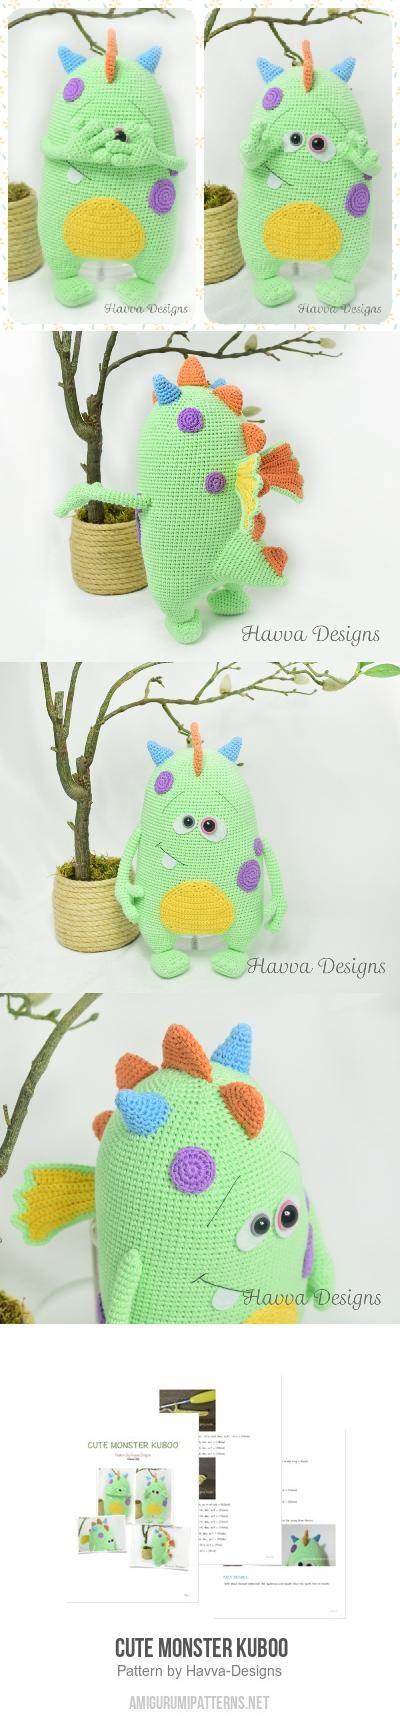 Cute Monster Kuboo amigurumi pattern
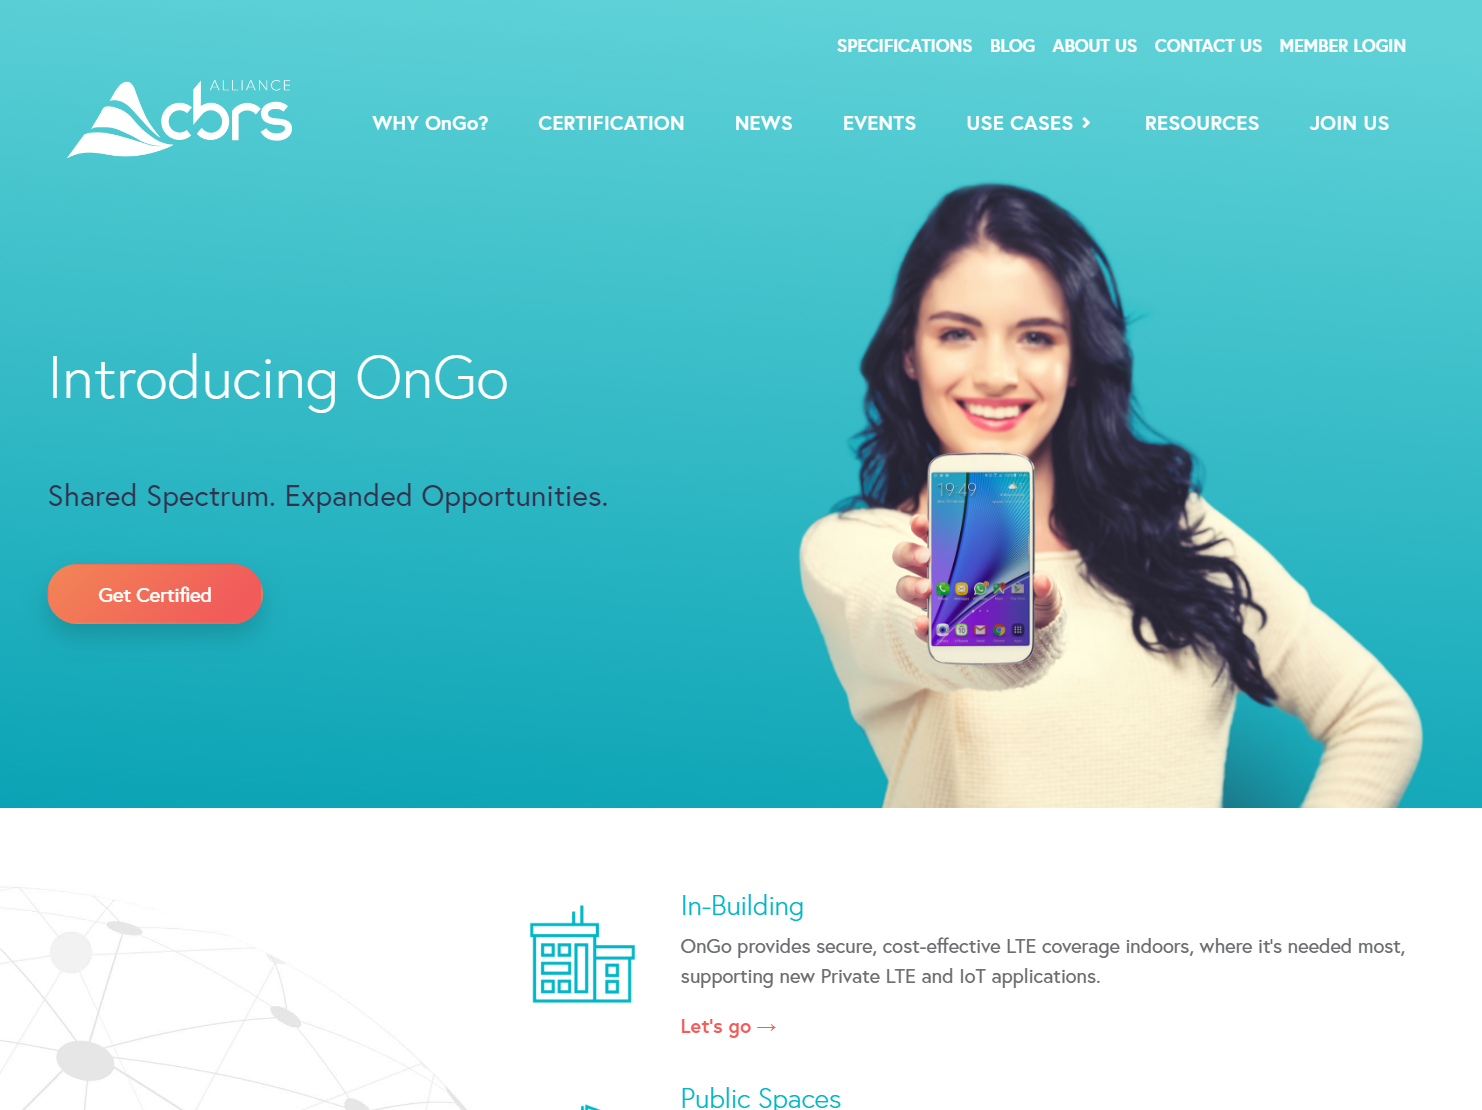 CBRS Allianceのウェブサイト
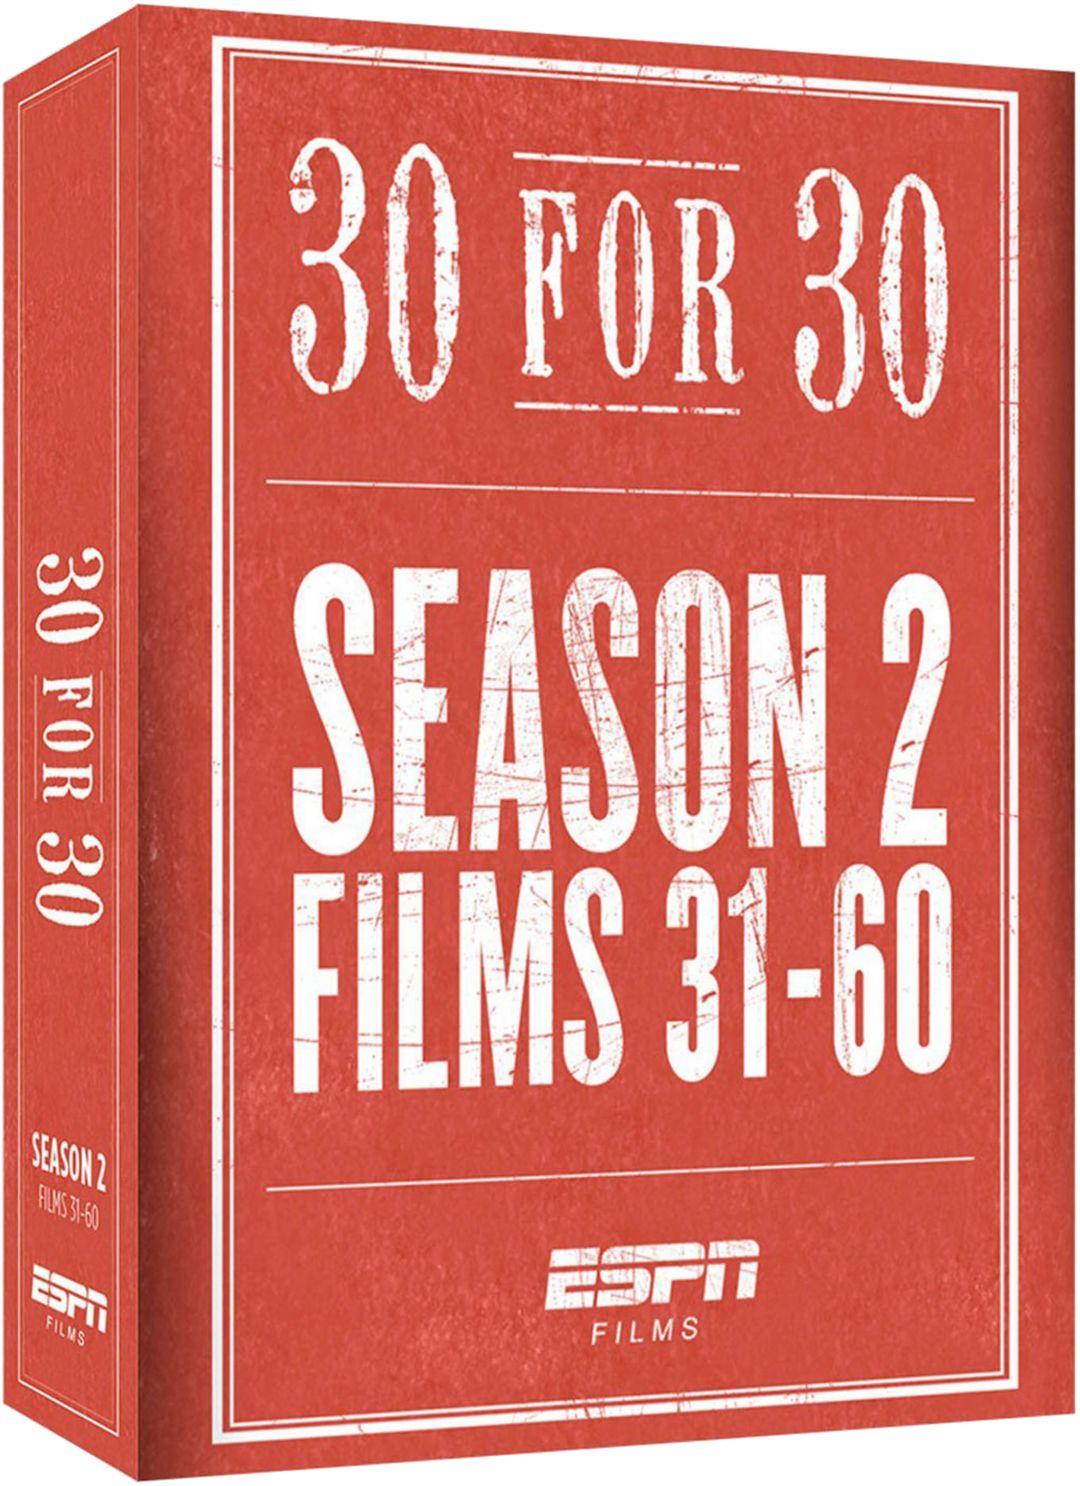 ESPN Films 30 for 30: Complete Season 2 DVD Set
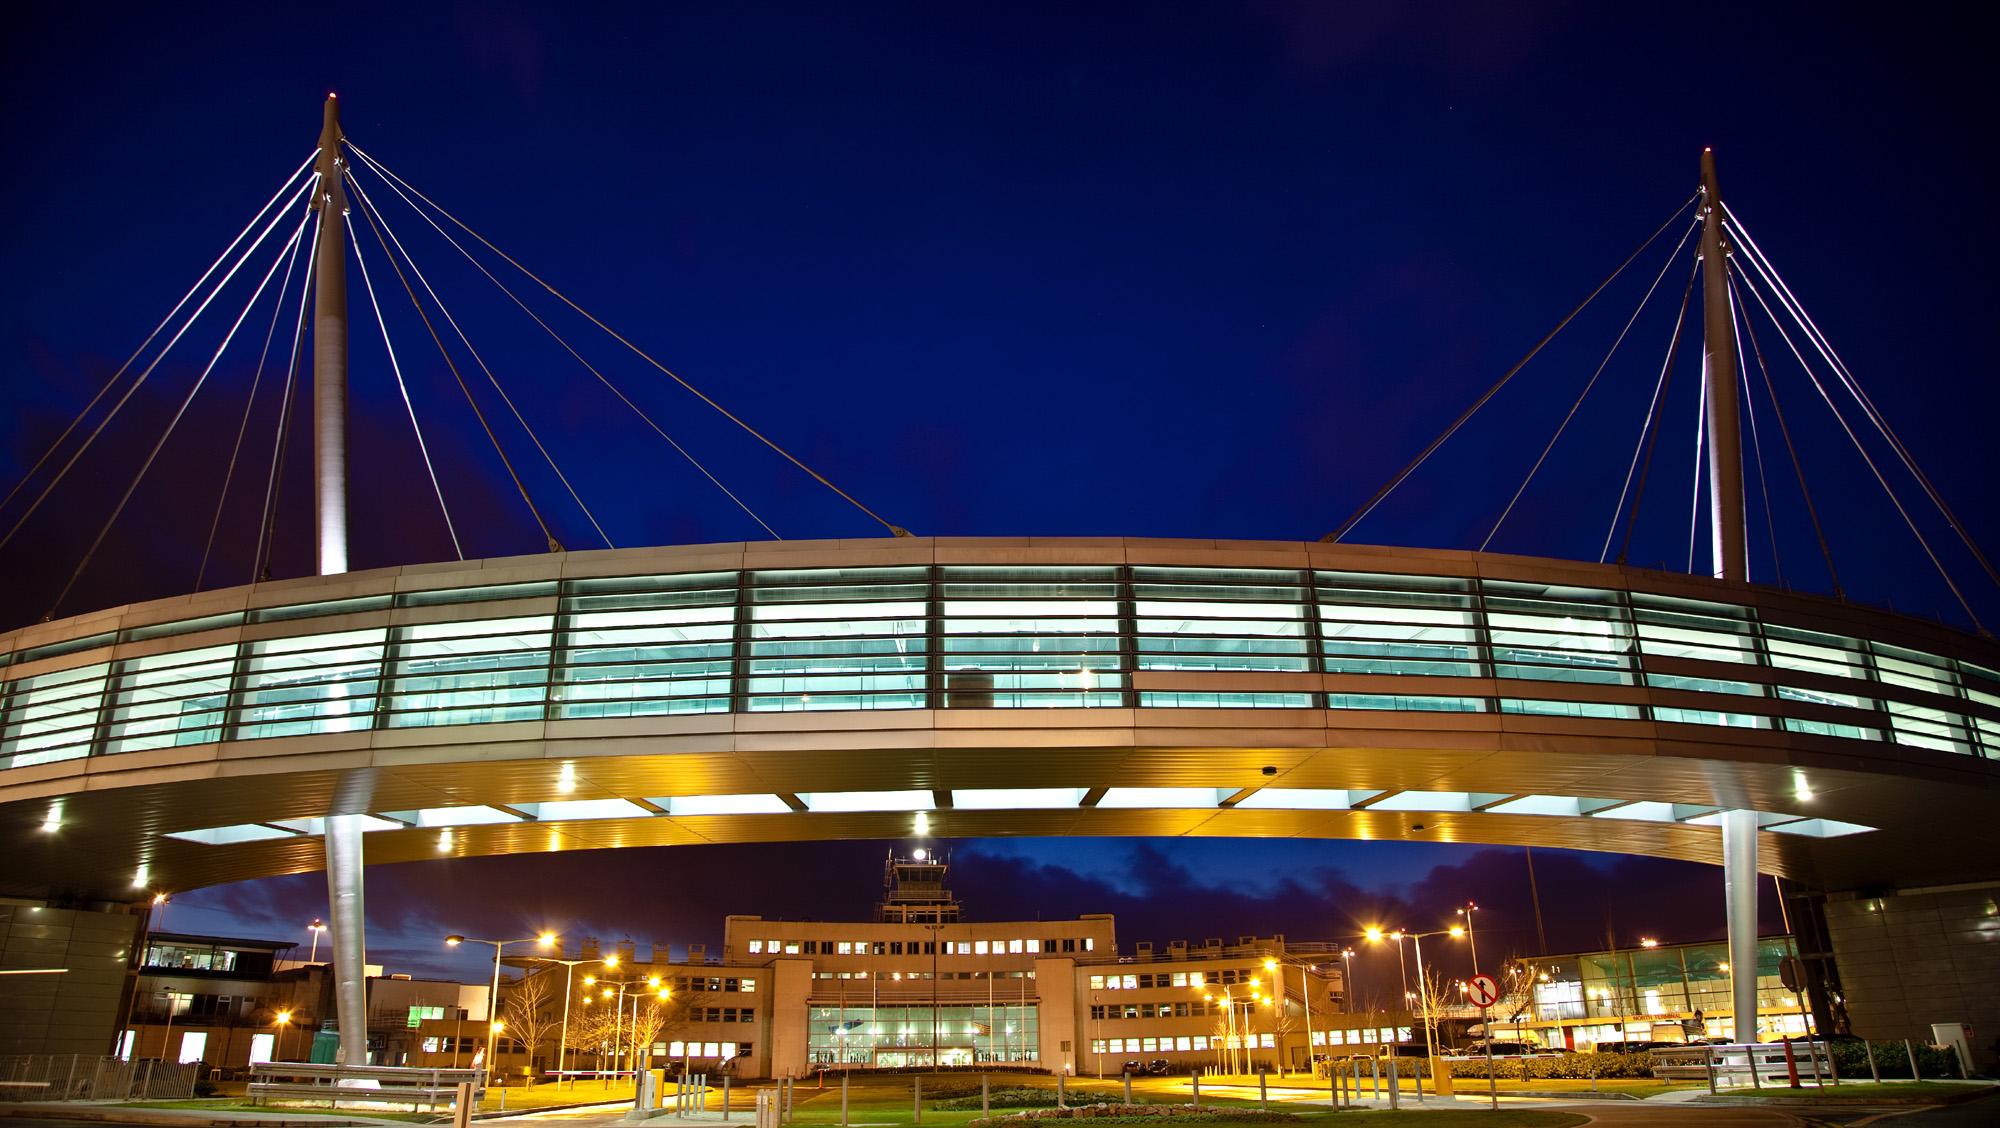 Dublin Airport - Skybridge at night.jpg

### What you will do
Could you retype every line above exactly as it appears, skipping the pictures?

### Response
 Cute Monster Kuboo amigurumi pattern
 CBRS Allianceのウェブサイト
 ESPN Films 30 for 30: Complete Season 2 DVD Set
 Dublin Airport - Skybridge at night.jpg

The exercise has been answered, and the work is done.